* EXERCISE DIRECTIONS *
Each line below is to be repeated exactly; any picture is to be left out.

* THE DATA *
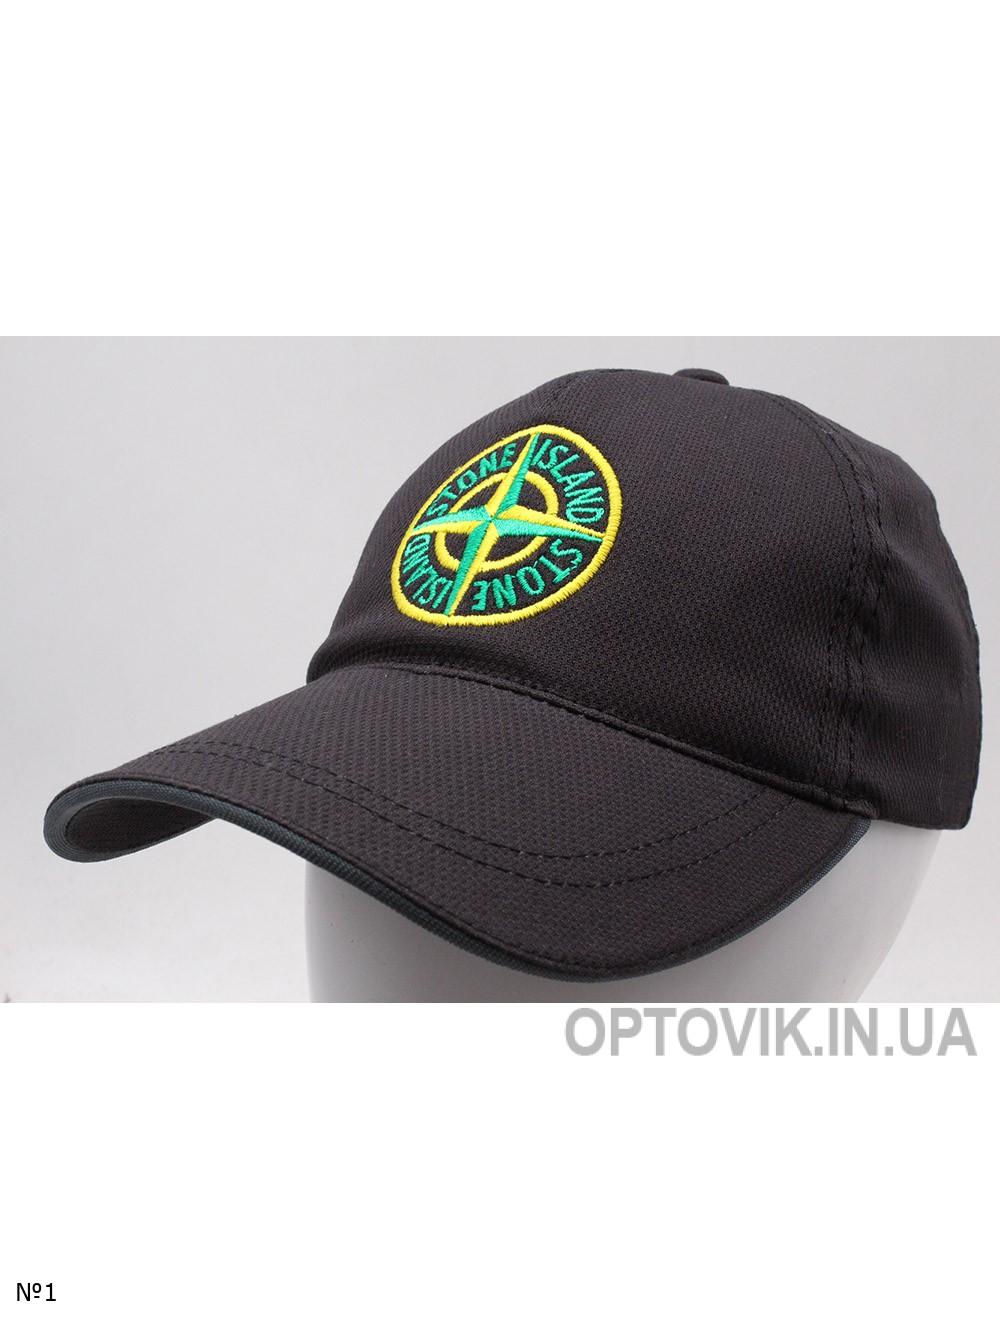 Классика - N043375-55-59 (Full cap)
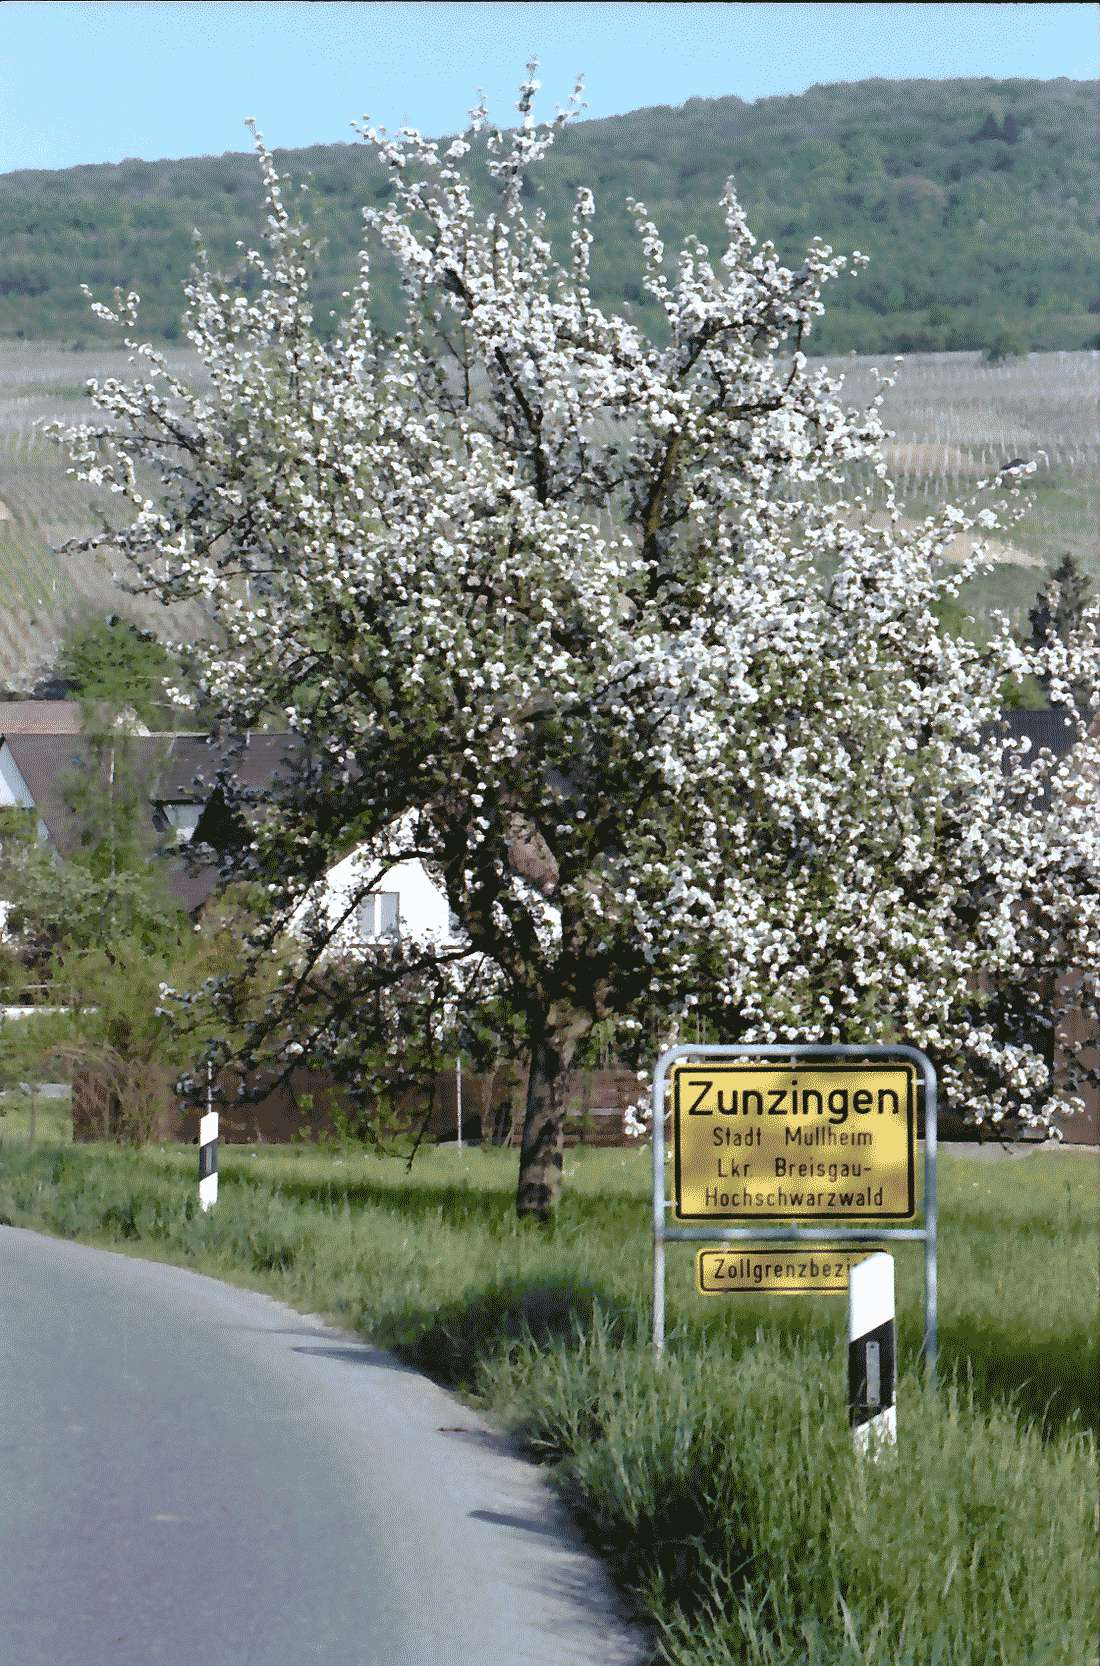 Zunzingen: Straße mit Ortsschild, Bild 2
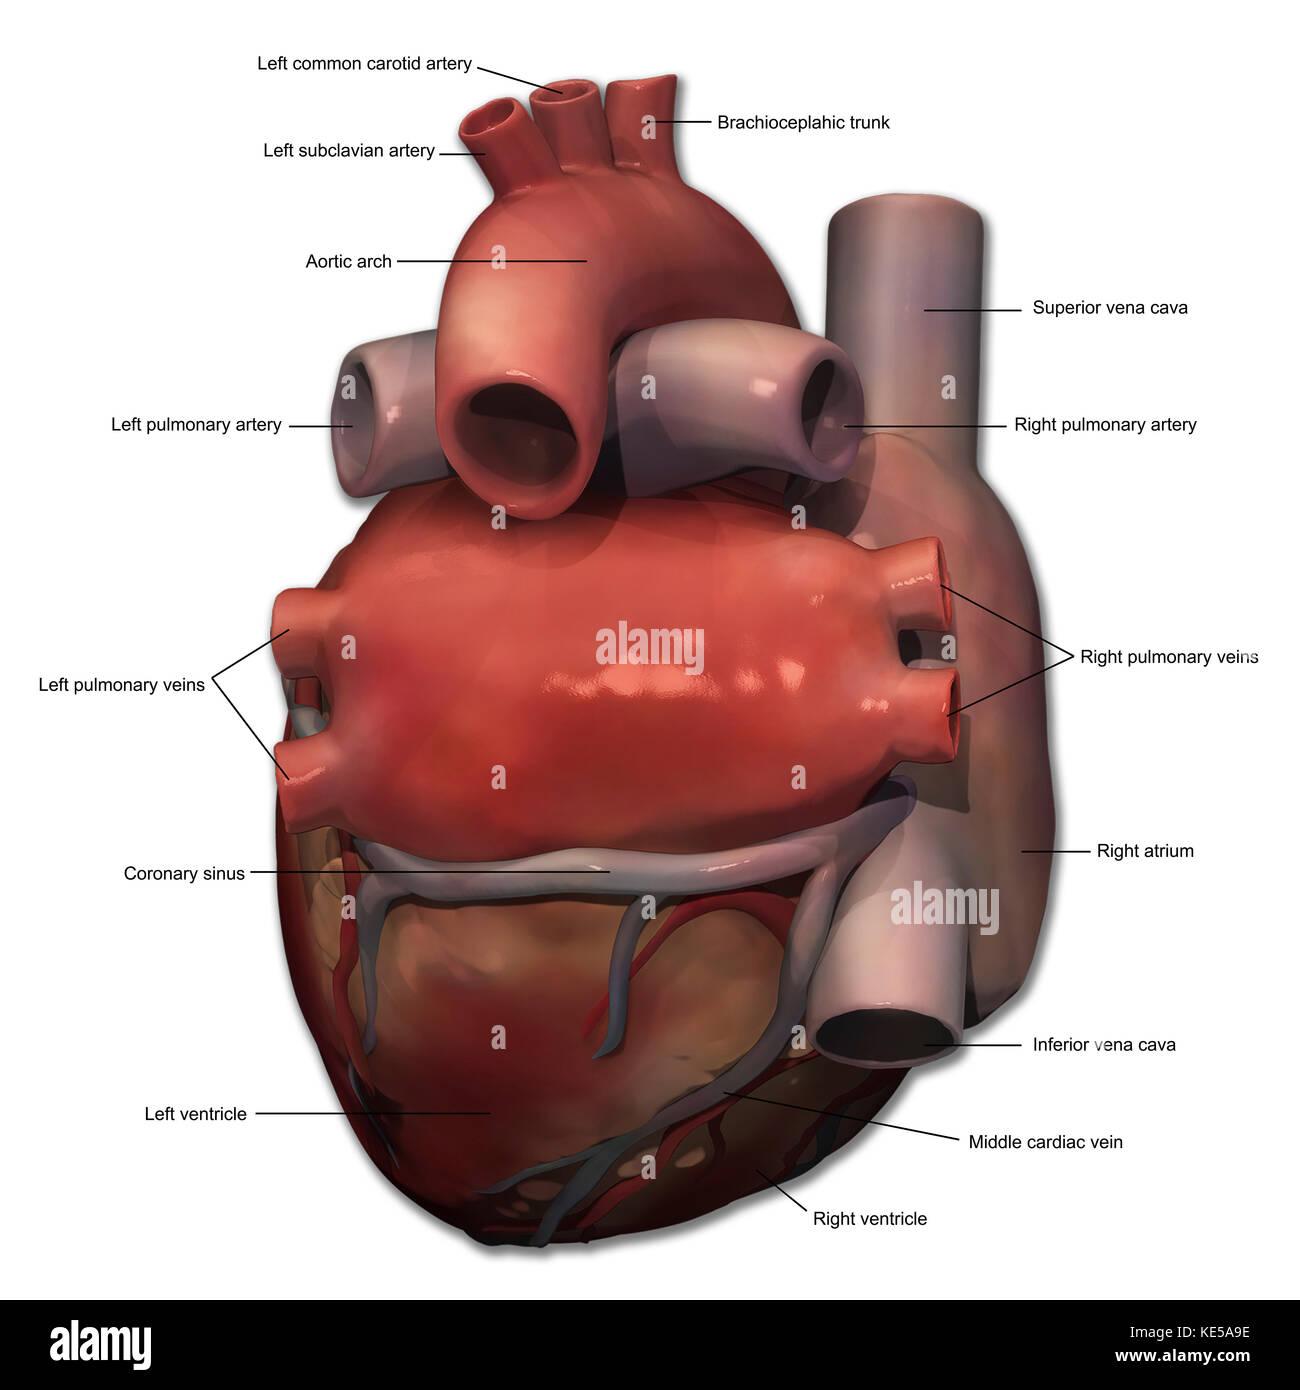 Vista Posterior De La Anatomia Del Corazon Humano Con Anotaciones

* EXERCISE RESULT *
 Классика - N043375-55-59 (Full cap)
 Zunzingen: Straße mit Ortsschild, Bild 2
 Vista Posterior De La Anatomia Del Corazon Humano Con Anotaciones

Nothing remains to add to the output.